This code transitions the qat code to the generic numa functions.
Changing adf_get_dev_node_id() to a simple call to dev_get_node() results
in a change to the adf_accel_dev struct as well.  In addition to that
change, qat_crypto_get_instance_node() must check for "any node" as a
valid numa_node value.

Cc: Tadeusz Struk 
Cc: Herbert Xu 
Cc: "David S. Miller" 
Cc: Bruce Allan 
Cc: Prarit Bhargava 
Cc: John Griffin 
Cc: qat-li...@intel.com
Cc: linux-cry...@vger.kernel.org
Signed-off-by: Prarit Bhargava 
---
 drivers/crypto/qat/qat_common/adf_accel_devices.h |2 +-
 drivers/crypto/qat/qat_common/qat_algs.c  |7 +--
 drivers/crypto/qat/qat_common/qat_crypto.c|4 +++-
 drivers/crypto/qat/qat_dh895xcc/adf_drv.c |   19 ++-
 4 files changed, 7 insertions(+), 25 deletions(-)

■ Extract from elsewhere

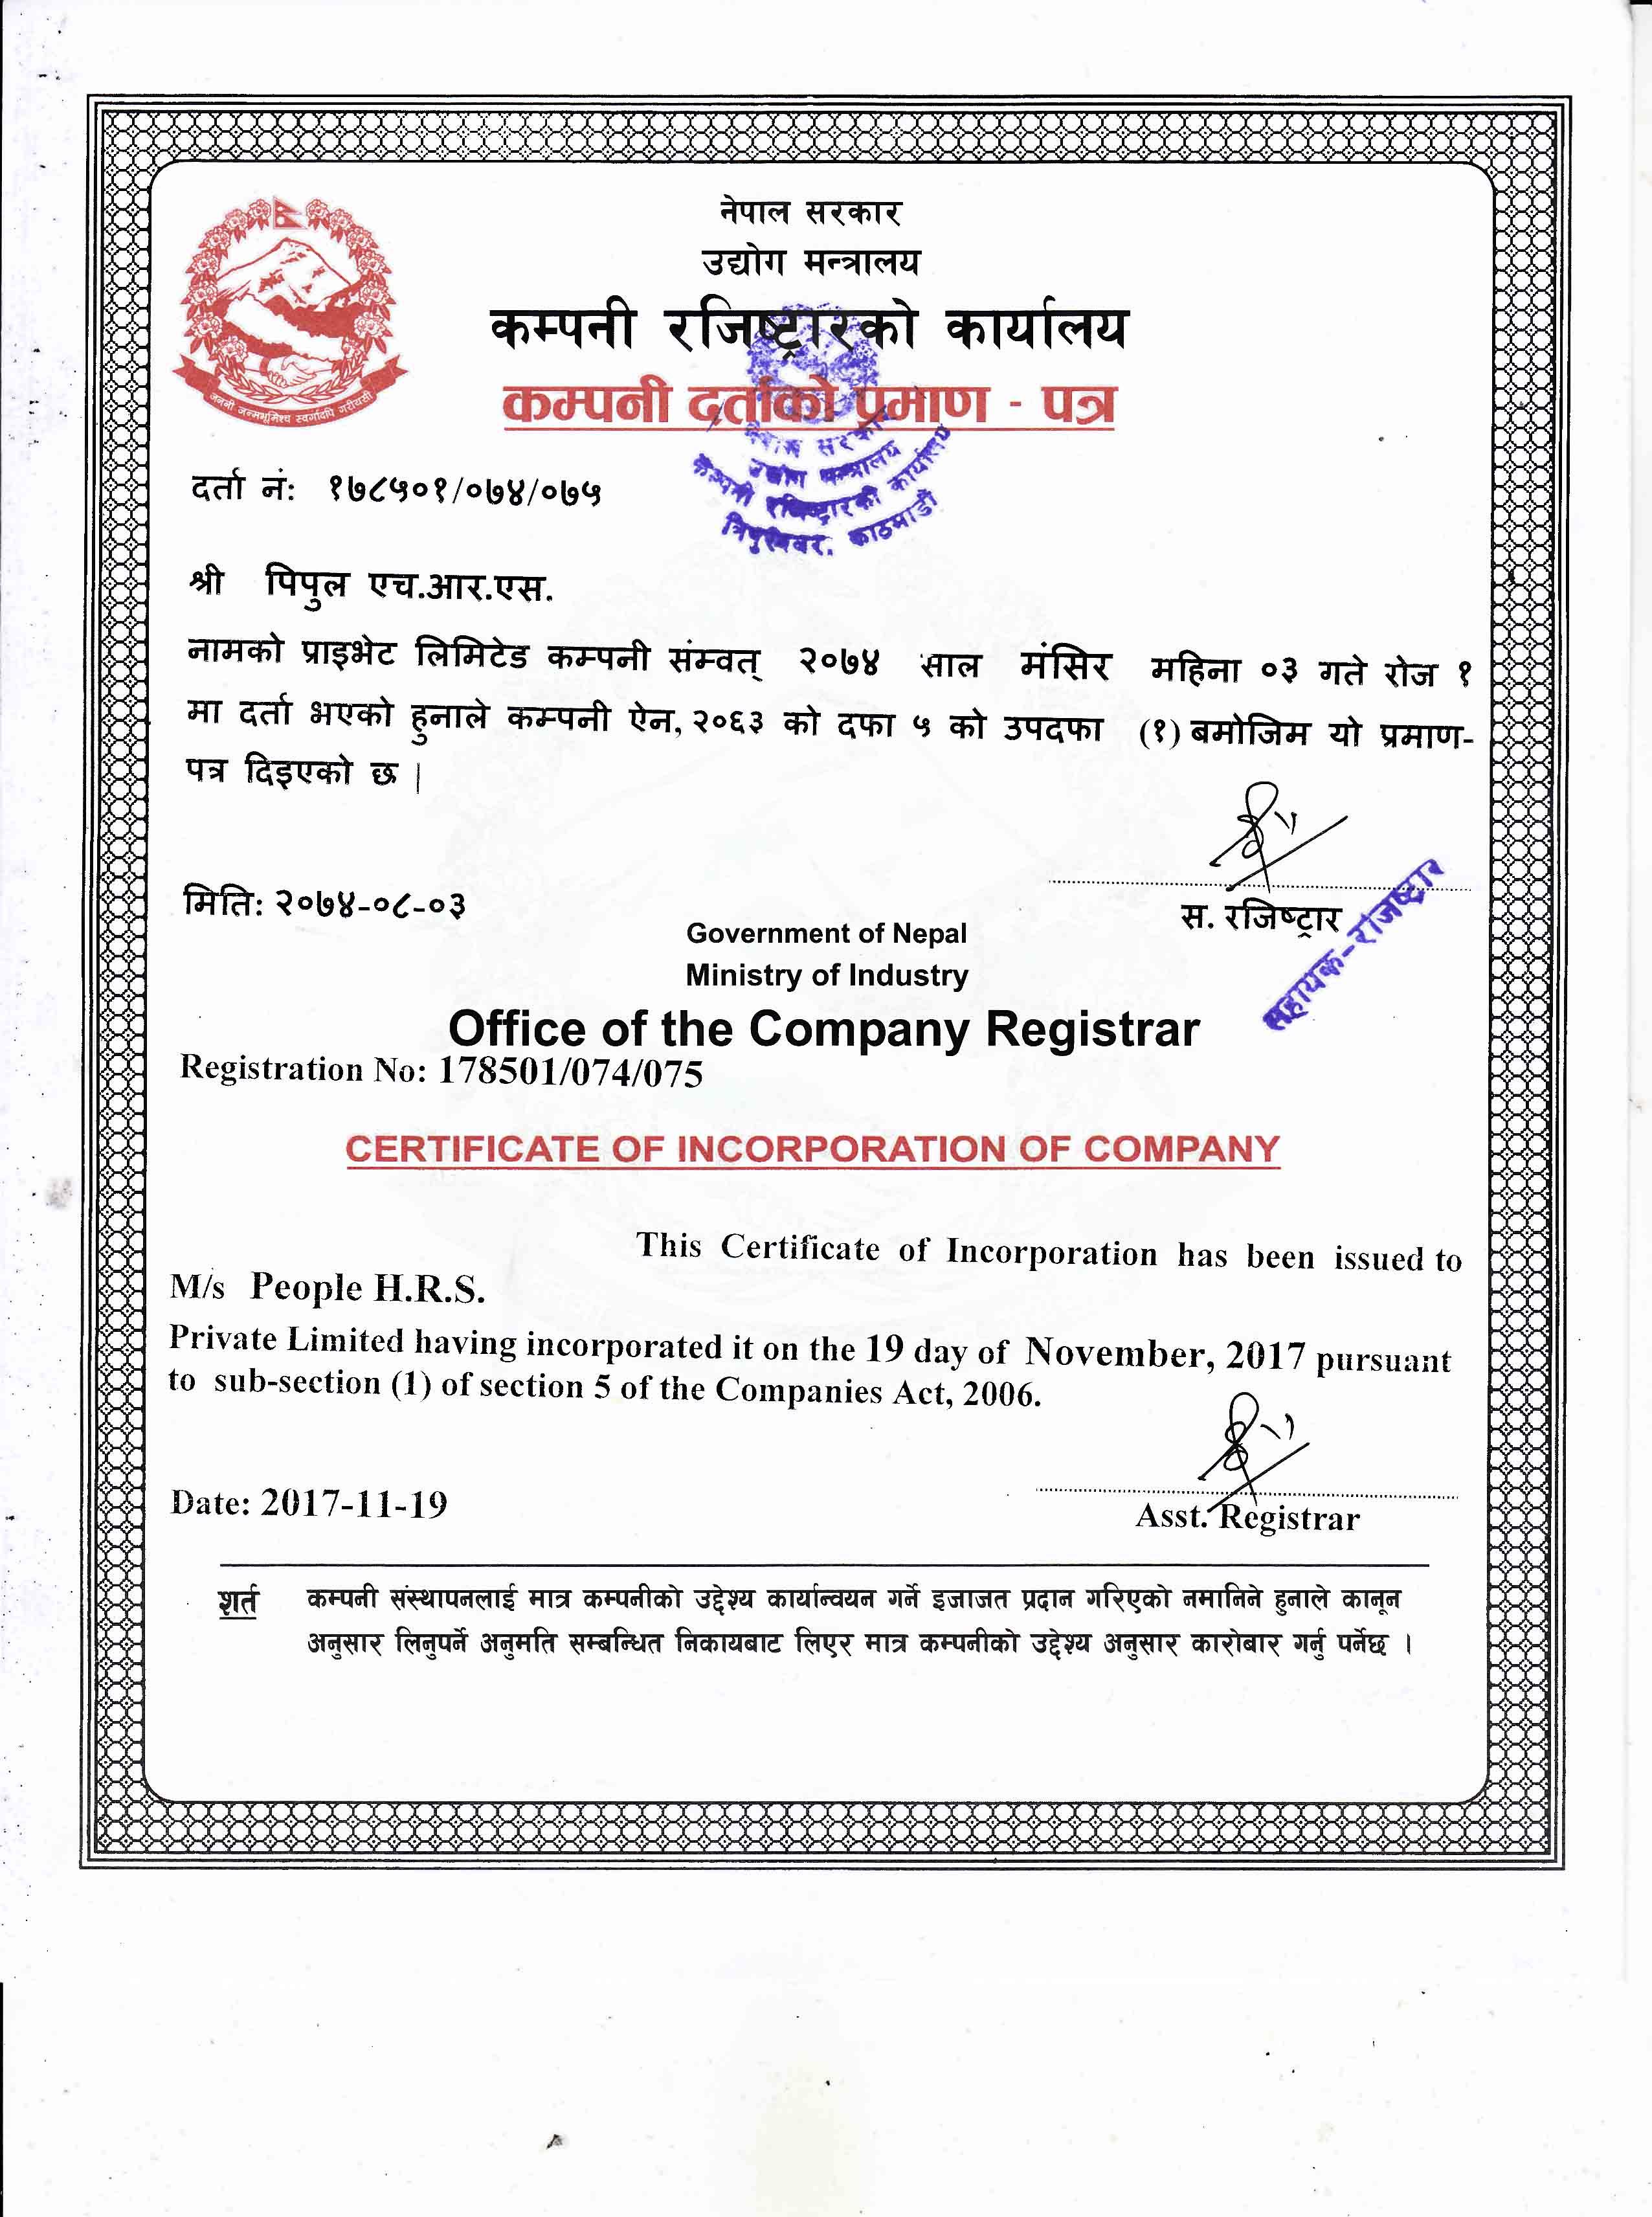 Company Registrar Certificate

diff --git a/drivers/crypto/qat/qat_common/adf_accel_devices.h 
b/drivers/crypto/qat/qat_common/adf_accel_devices.h
index 9282381..025f52f 100644
--- a/drivers/crypto/qat/qat_common/adf_accel_devices.h
+++ b/drivers/crypto/qat/qat_common/adf_accel_devices.h
@@ -199,7 +199,7 @@ struct adf_accel_dev {
struct list_head list;
struct module *owner;
uint8_t accel_id;
-   uint8_t numa_node;
+   int numa_node;
struct adf_accel_pci accel_pci_dev;
 } __packed;
 #endif
diff --git a/drivers/crypto/qat/qat_common/qat_algs.c 
b/drivers/crypto/qat/qat_common/qat_algs.c
index 59df488..d887074 100644
--- a/drivers/crypto/qat/qat_common/qat_algs.c
+++ b/drivers/crypto/qat/qat_common/qat_algs.c
@@ -127,11 +127,6 @@ struct qat_alg_session_ctx {
spinlock_t lock;/* protects qat_alg_session_ctx struct */
 };
 
-static int get_current_node(void)
-{
-   return cpu_data(current_thread_info()->cpu).phys_pro